There have been many frightening events in the news lately. As parents we need to know how to share this information in ways that our children can manage and that are age appropriate. Here’s how you can have your SAY with your child about this sensitive topic. 

  1. Gear what you say to the age of your child. Give honest, accurate and age appropriate information.
  2. Always put the information in context. There are far more good people than people who aim to hurt and the vast majority of time we are safe.
  3. Encourage your child to talk by asking questions. What have you heard? What have you seen on TV or other media?
  4. Encourage your child to share their feelings and fears. Model this by sharing your feelings with your child.
  5. Know that your child may need more support from you than normal. Physical affection is a great way to show support in frightening times.
  6. For Elementary School-Age Children: Talk about major events with your children so that they hear about it first from you. This way you know they will hear accurate facts.
    • Reassure them that you are here to keep them safe.
    • Limit how much they see on TV or other media sources.
    • Don’t talk about these events prior to bedtime.
  7. Middle/High School-Age Children: Assume that older children will hear about news events – maybe as quickly as you. Ask them what they have heard and correct rumors or misinformation with facts.
    • Know that even though they are teens, they can still be frightened and can still feel comfort from talking to or being with you.

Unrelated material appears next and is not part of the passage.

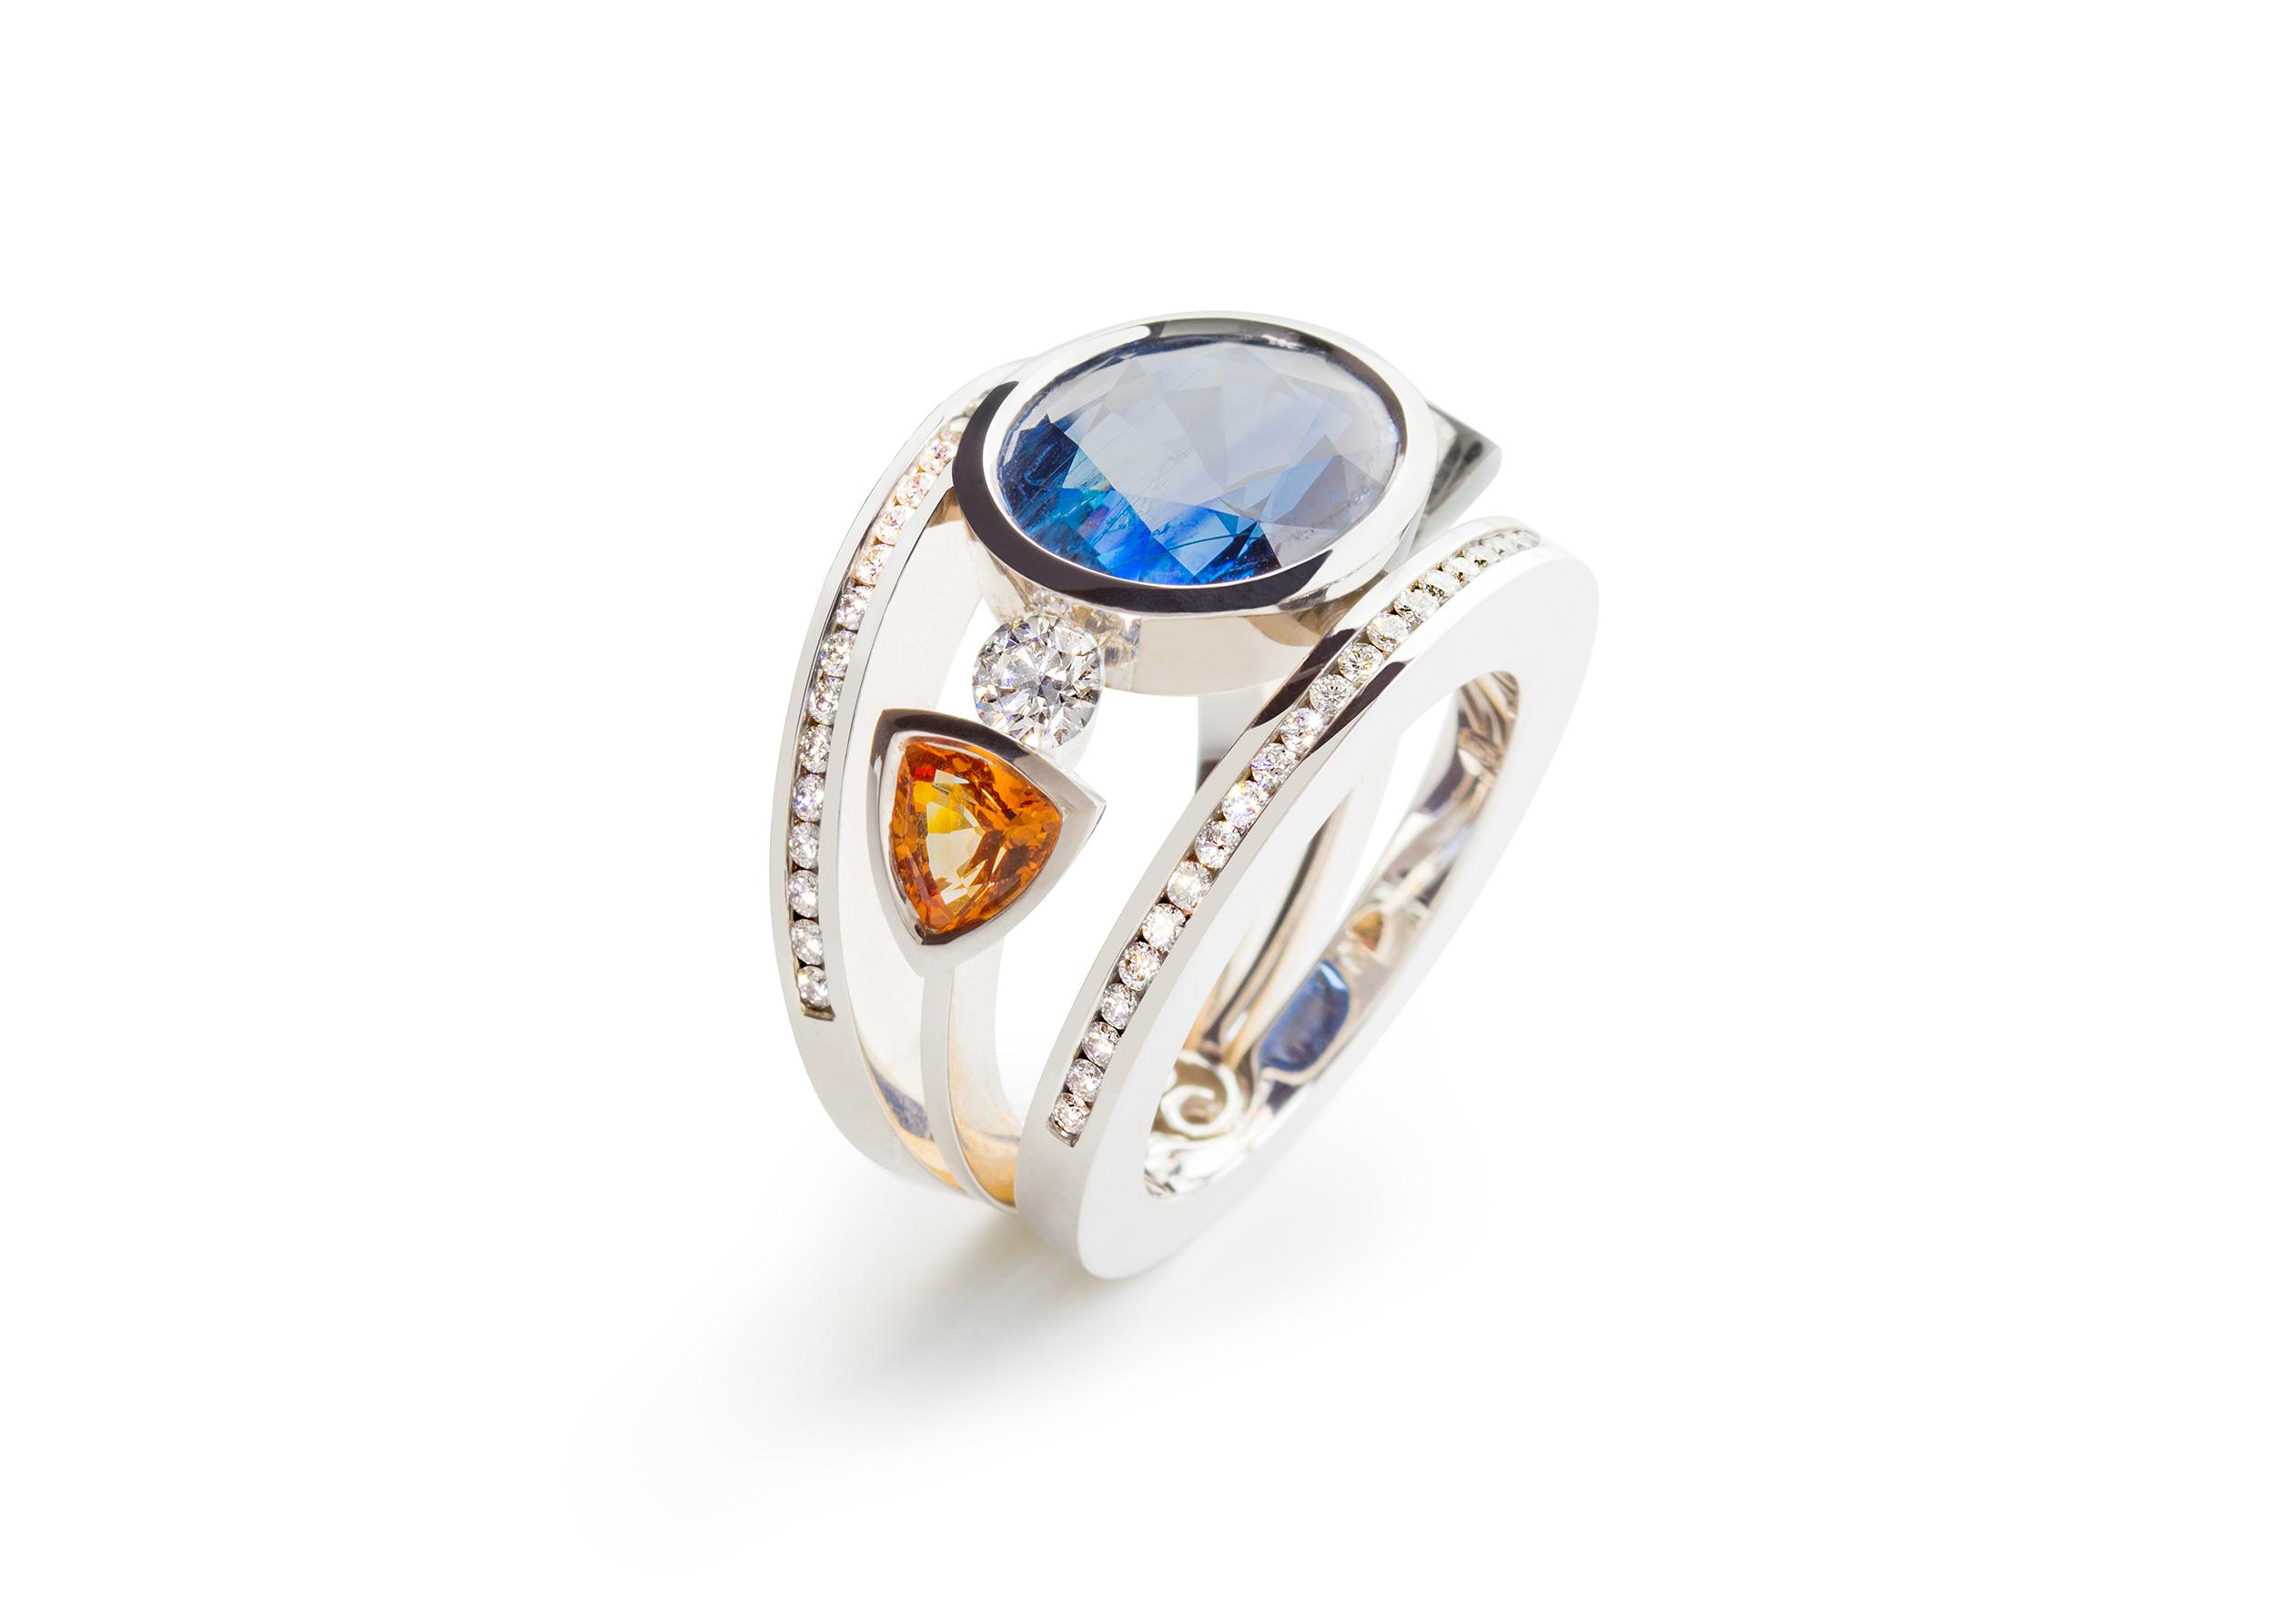 Eigenmann Ring

    • Though teens may not verbalize their feelings or fears, this does not mean they are not thinking about it or that you do not need to address it.

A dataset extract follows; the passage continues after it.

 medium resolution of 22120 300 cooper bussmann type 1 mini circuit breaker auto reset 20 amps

    • Talk to teens about what they can do to feel safe such as safety measures already in place in their schools or who to contact in times of crisis.
    • Keep tabs on social media for rumors or other information that may be circulating and that your teen may be exposed to. 
  8. Be aware of signs that your child is struggling and know when to get help. Look for changes in sleep and appetite, fixation on recent trauma, sleep disturbance or fears of separation or going out.